- Location: Peureulak, Nanggroe Aceh Darussalam, Indonesia
- Date: 31 December 2003 10:20 p.m. (UTC+7)
- Target: New Year's Eve festival
- Attack type: Improvised explosive device
- Deaths: 10
- Injured: 45
- Perpetrators: Suspected Free Aceh Movement separatists

= 2003 Aceh New Year's Eve bombing =

Indonesian terrorist attack

The 2003 Aceh New Year's Eve bombing was a terrorist attack that occurred on 31 December 2003 in Peureulak, Nanggroe Aceh Darussalam province, Indonesia. The bombing, which occurred during a concert at a night market, killed at least 10 people, including three children, and wounded 45 others

The attack was the deadliest in Aceh since the start of hostilities between Indonesian troops and the Free Aceh Movement (GAM) on 19 May 2003. The Indonesian military blamed GAM, but GAM denied responsibility for the bombing.

==The attack==

The bomb, thought to have been triggered by a timer mechanism, detonated around 9:00 PM at a night market in the eastern town of Peureulak. According to first responders, the device had been planted beneath a stage, where three local girls were performing.

The New Year's Eve festival, attended by hundreds, was allegedly organised by the military. Of the victims, many were teenagers and children; the victims included a 1-year-old girl and a 7-year-old boy who died at the scene, as well as a 4-year-old girl who died in the hospital. Other victims included the mother of two of the children, numerous teenagers, as well as a man later identified as member of GAM. The majority of casualties were treated in Langsa general hospital, which lacked enough surgeons to operate on injured victims; they requested more doctors be sent from the provincial capital Banda Aceh and the North Sumatran city of Medan to supplement them.

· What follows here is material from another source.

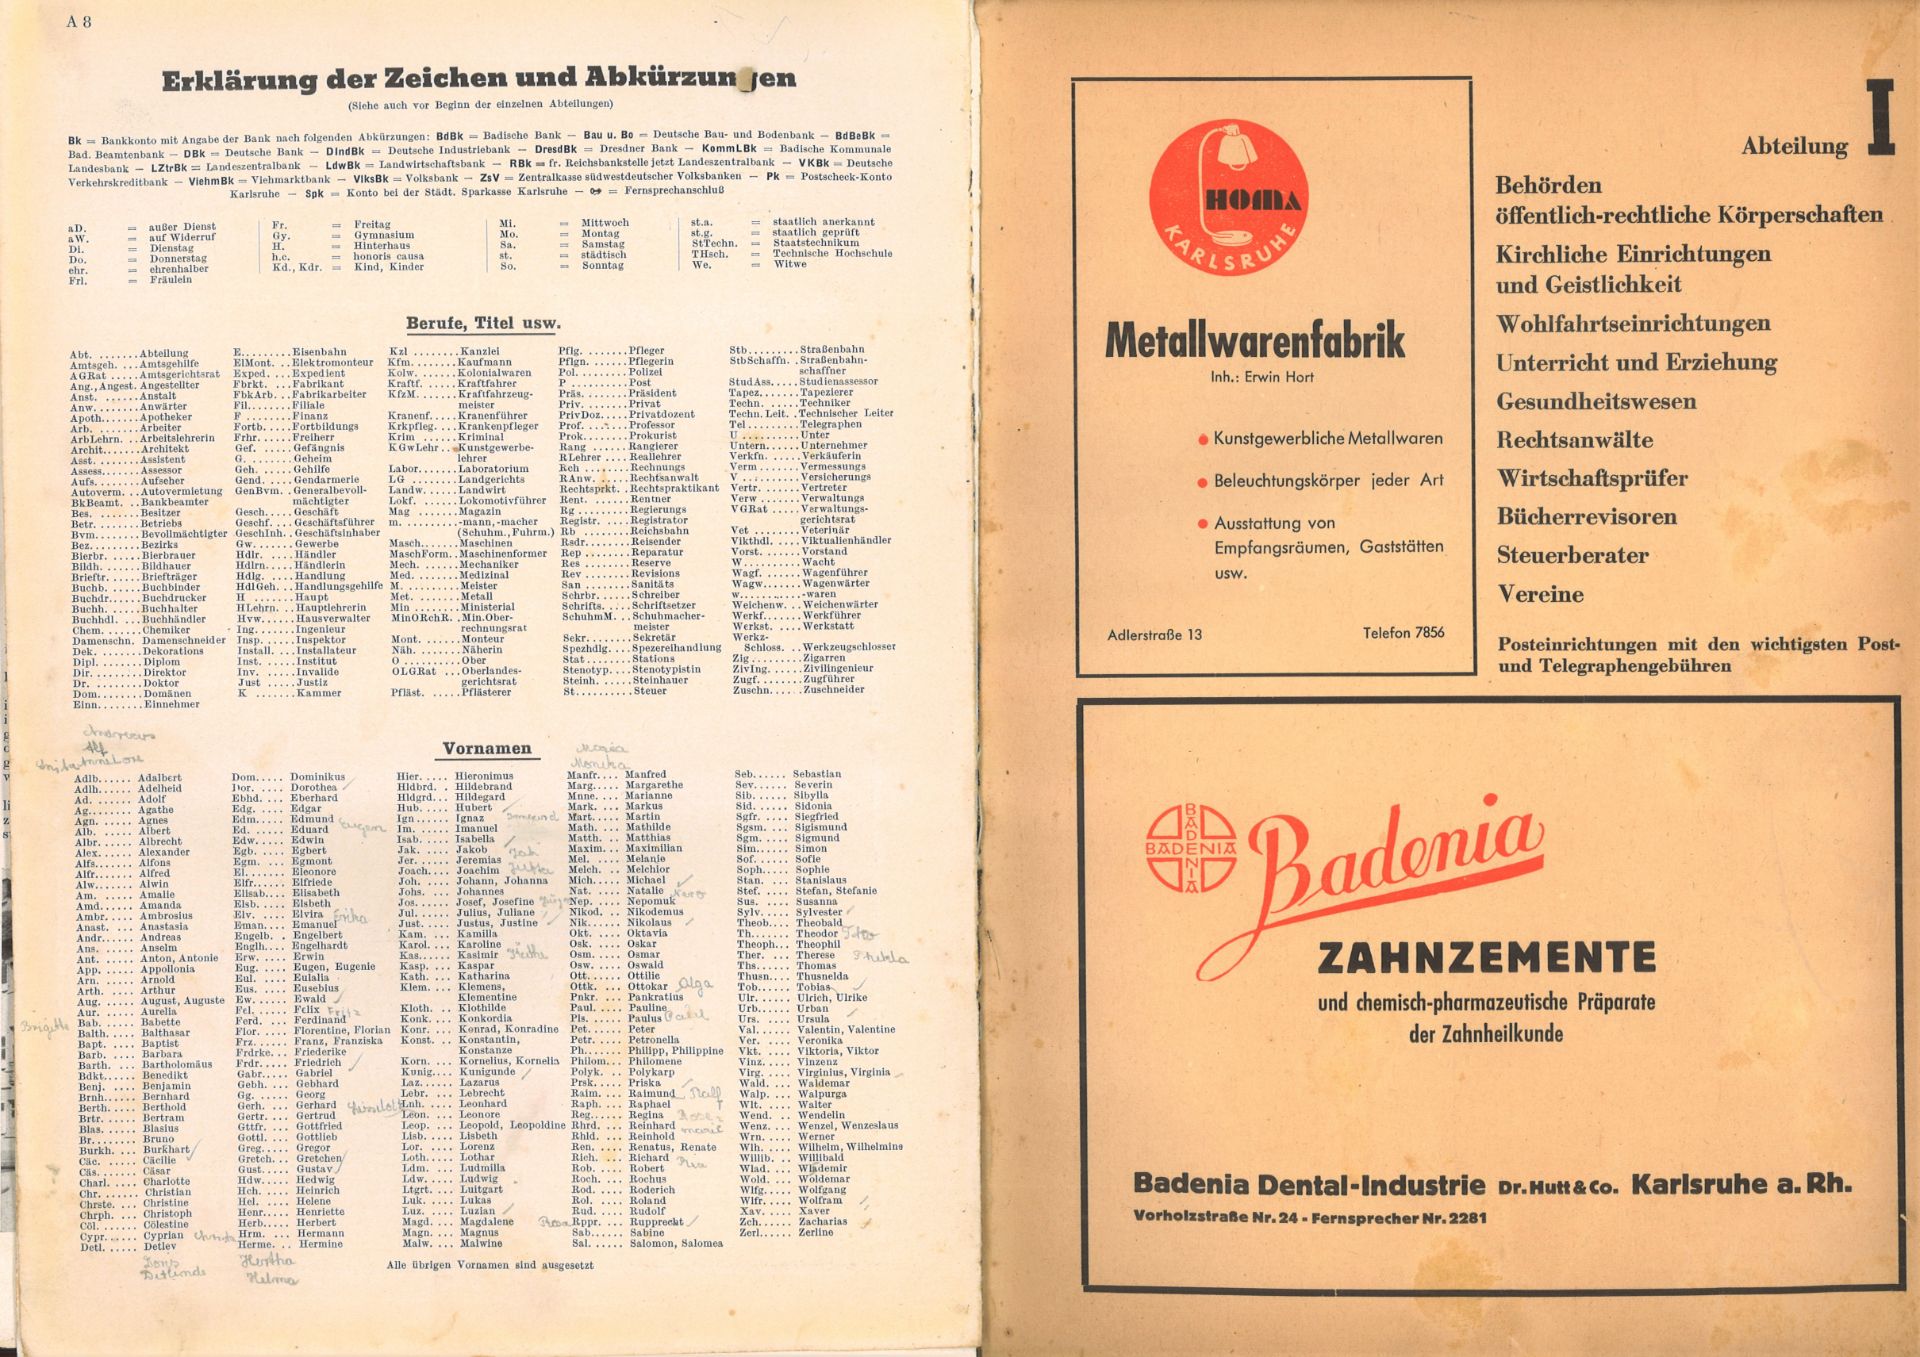 Adressbuch der Stadt Karlsruhe von 1947, zweiundsiebzigster Jahrgang, Adressbuchverlag G. Braun, - Bild 2 aus 2

Lt. Col. Ahmad Yani Basuki of the Indonesian military described the bomb as powerful and stated that no group but GAM could have staged such an attack, describing Peureulak as a "rebel stronghold". However, a spokesman for GAM denied responsibility, stating the separatist group had never staged an attack to kill Acehnese. Due to a victim being a member of GAM, local police investigated the possibility of a suicide attack; findings were inconclusive. At the time, the Free Aceh Movement separatists had no history of targeting civilians or public bombings.